The most expensive prospective improvement outlined at the open house would be a reconstruction of the high-volume intersection of Cornelius Pass Road and Northwest Skyline Boulevard.

Converting the intersection, which currently forces Skyline Boulevard traffic to stop for vehicles on Cornelius Pass Road, to a two-lane roundabout would cost a projected $4.6 million to $5.3 million, according to a display at the open house.

The second option, a signaled intersection, could cost either much less — as little as $3.7 million — or slightly more, up to $5.4 million, the display added. The cost depends on how it is designed and built.

“There is still no consensus,” Pullen said, referring to the two options. “I would say more people seem to like the signal.”

One of the open house attendees, and the first member of the public to arrive, was Columbia County Commissioner Henry Heimuller. The county is not officially involved in the project, although Columbia County legal counsel Sarah Hanson, who lives on Cornelius Pass Road, serves on the community advisory committee, as does Johnson, a Scappoose resident who represents the area in the Oregon Senate.

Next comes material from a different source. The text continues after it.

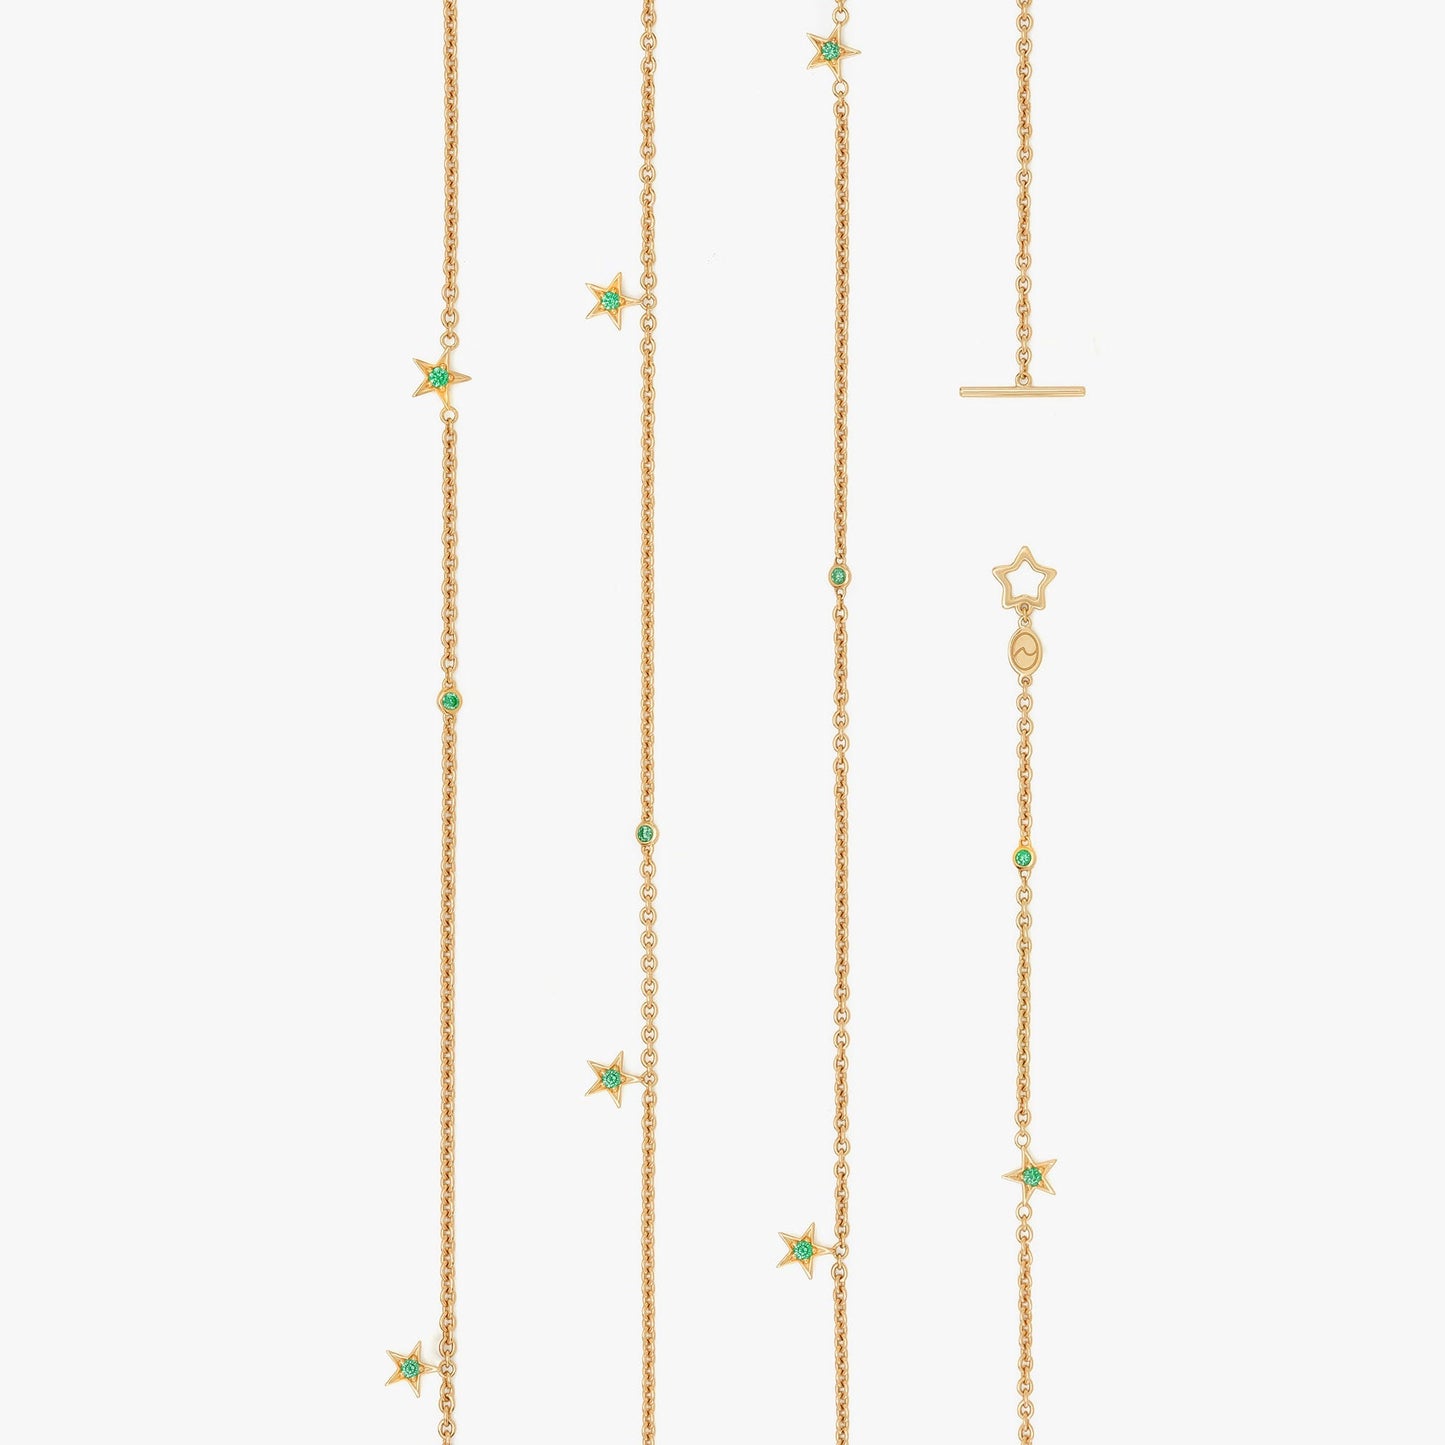 Guiding Star 18ct Yellow Gold & Emerald Necklace, 70cm

Heimuller spoke favorably of the open house and project at a Columbia County Board of Commissioners meeting Wednesday, Feb. 19.

“I was very pleased to see the number of folks that attended. The interest is great,” Heimuller said. “I feel like the process that Multnomah County has put together there was very credible.”

Pullen acknowledged Columbia and Washington counties’ stake in the project.

“On behalf of Multnomah County, we appreciate the interest by elected officials from our two neighboring counties,” said Pullen, adding, “We know it’s not just a Multnomah County audience that uses the road.”